### [YOUR INSTRUCTIONS]
Reproduce the full set of records verbatim.

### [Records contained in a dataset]
────────────────
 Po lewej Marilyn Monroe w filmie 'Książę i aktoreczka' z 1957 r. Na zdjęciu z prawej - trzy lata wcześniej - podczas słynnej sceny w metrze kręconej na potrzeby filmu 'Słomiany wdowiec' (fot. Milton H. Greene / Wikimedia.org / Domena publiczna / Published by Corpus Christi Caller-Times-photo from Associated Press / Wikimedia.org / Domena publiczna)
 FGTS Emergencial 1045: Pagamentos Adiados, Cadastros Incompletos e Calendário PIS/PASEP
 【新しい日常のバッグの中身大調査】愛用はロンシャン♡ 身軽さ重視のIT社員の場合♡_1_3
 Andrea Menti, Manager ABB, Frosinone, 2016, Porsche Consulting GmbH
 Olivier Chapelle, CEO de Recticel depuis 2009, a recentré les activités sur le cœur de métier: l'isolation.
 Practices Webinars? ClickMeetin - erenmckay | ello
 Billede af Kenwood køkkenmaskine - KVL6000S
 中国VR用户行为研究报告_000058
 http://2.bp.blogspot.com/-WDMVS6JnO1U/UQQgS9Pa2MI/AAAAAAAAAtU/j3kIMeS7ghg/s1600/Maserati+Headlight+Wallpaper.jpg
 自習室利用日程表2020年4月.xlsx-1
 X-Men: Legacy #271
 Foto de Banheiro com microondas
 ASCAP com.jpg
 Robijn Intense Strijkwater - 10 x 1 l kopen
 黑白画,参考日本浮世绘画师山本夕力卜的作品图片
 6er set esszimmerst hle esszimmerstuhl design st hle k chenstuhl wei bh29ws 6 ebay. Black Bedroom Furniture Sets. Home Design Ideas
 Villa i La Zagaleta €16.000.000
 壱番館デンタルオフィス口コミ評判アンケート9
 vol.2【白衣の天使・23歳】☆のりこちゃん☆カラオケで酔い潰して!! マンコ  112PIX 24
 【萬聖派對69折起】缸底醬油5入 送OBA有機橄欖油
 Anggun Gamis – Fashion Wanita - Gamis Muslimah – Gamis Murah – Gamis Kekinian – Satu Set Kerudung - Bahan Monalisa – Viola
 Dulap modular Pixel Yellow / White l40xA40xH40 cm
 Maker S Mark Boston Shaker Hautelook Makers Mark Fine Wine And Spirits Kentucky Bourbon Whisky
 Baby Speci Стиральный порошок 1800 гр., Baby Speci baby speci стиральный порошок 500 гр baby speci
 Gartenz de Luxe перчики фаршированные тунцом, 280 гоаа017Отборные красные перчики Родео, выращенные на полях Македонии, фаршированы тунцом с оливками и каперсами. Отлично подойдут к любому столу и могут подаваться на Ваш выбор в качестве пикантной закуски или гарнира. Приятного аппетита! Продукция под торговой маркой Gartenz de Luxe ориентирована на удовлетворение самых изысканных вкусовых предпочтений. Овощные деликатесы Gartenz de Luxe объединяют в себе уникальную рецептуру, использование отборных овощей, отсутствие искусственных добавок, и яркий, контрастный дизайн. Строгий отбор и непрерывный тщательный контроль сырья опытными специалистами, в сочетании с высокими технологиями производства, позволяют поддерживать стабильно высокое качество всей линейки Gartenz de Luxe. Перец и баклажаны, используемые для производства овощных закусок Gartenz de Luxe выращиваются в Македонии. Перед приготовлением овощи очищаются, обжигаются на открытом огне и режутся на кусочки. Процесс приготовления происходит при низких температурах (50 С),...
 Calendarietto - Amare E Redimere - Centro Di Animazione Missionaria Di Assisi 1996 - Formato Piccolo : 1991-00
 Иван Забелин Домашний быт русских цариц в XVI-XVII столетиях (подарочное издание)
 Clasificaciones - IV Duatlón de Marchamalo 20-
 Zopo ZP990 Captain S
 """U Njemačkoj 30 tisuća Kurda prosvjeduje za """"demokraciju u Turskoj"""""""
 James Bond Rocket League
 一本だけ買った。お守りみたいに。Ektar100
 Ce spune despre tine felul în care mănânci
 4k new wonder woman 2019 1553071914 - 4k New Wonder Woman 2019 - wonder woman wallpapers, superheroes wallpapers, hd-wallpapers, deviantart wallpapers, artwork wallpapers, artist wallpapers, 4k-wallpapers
────────────────
### [RESPONSE FOR THIS EXERCISE]
 Po lewej Marilyn Monroe w filmie 'Książę i aktoreczka' z 1957 r. Na zdjęciu z prawej - trzy lata wcześniej - podczas słynnej sceny w metrze kręconej na potrzeby filmu 'Słomiany wdowiec' (fot. Milton H. Greene / Wikimedia.org / Domena publiczna / Published by Corpus Christi Caller-Times-photo from Associated Press / Wikimedia.org / Domena publiczna)
 FGTS Emergencial 1045: Pagamentos Adiados, Cadastros Incompletos e Calendário PIS/PASEP
 【新しい日常のバッグの中身大調査】愛用はロンシャン♡ 身軽さ重視のIT社員の場合♡_1_3
 Andrea Menti, Manager ABB, Frosinone, 2016, Porsche Consulting GmbH
 Olivier Chapelle, CEO de Recticel depuis 2009, a recentré les activités sur le cœur de métier: l'isolation.
 Practices Webinars? ClickMeetin - erenmckay | ello
 Billede af Kenwood køkkenmaskine - KVL6000S
 中国VR用户行为研究报告_000058
 http://2.bp.blogspot.com/-WDMVS6JnO1U/UQQgS9Pa2MI/AAAAAAAAAtU/j3kIMeS7ghg/s1600/Maserati+Headlight+Wallpaper.jpg
 自習室利用日程表2020年4月.xlsx-1
 X-Men: Legacy #271
 Foto de Banheiro com microondas
 ASCAP com.jpg
 Robijn Intense Strijkwater - 10 x 1 l kopen
 黑白画,参考日本浮世绘画师山本夕力卜的作品图片
 6er set esszimmerst hle esszimmerstuhl design st hle k chenstuhl wei bh29ws 6 ebay. Black Bedroom Furniture Sets. Home Design Ideas
 Villa i La Zagaleta €16.000.000
 壱番館デンタルオフィス口コミ評判アンケート9
 vol.2【白衣の天使・23歳】☆のりこちゃん☆カラオケで酔い潰して!! マンコ  112PIX 24
 【萬聖派對69折起】缸底醬油5入 送OBA有機橄欖油
 Anggun Gamis – Fashion Wanita - Gamis Muslimah – Gamis Murah – Gamis Kekinian – Satu Set Kerudung - Bahan Monalisa – Viola
 Dulap modular Pixel Yellow / White l40xA40xH40 cm
 Maker S Mark Boston Shaker Hautelook Makers Mark Fine Wine And Spirits Kentucky Bourbon Whisky
 Baby Speci Стиральный порошок 1800 гр., Baby Speci baby speci стиральный порошок 500 гр baby speci
 Gartenz de Luxe перчики фаршированные тунцом, 280 гоаа017Отборные красные перчики Родео, выращенные на полях Македонии, фаршированы тунцом с оливками и каперсами. Отлично подойдут к любому столу и могут подаваться на Ваш выбор в качестве пикантной закуски или гарнира. Приятного аппетита! Продукция под торговой маркой Gartenz de Luxe ориентирована на удовлетворение самых изысканных вкусовых предпочтений. Овощные деликатесы Gartenz de Luxe объединяют в себе уникальную рецептуру, использование отборных овощей, отсутствие искусственных добавок, и яркий, контрастный дизайн. Строгий отбор и непрерывный тщательный контроль сырья опытными специалистами, в сочетании с высокими технологиями производства, позволяют поддерживать стабильно высокое качество всей линейки Gartenz de Luxe. Перец и баклажаны, используемые для производства овощных закусок Gartenz de Luxe выращиваются в Македонии. Перед приготовлением овощи очищаются, обжигаются на открытом огне и режутся на кусочки. Процесс приготовления происходит при низких температурах (50 С),...
 Calendarietto - Amare E Redimere - Centro Di Animazione Missionaria Di Assisi 1996 - Formato Piccolo : 1991-00
 Иван Забелин Домашний быт русских цариц в XVI-XVII столетиях (подарочное издание)
 Clasificaciones - IV Duatlón de Marchamalo 20-
 Zopo ZP990 Captain S
 """U Njemačkoj 30 tisuća Kurda prosvjeduje za """"demokraciju u Turskoj"""""""
 James Bond Rocket League
 一本だけ買った。お守りみたいに。Ektar100
 Ce spune despre tine felul în care mănânci
 4k new wonder woman 2019 1553071914 - 4k New Wonder Woman 2019 - wonder woman wallpapers, superheroes wallpapers, hd-wallpapers, deviantart wallpapers, artwork wallpapers, artist wallpapers, 4k-wallpapers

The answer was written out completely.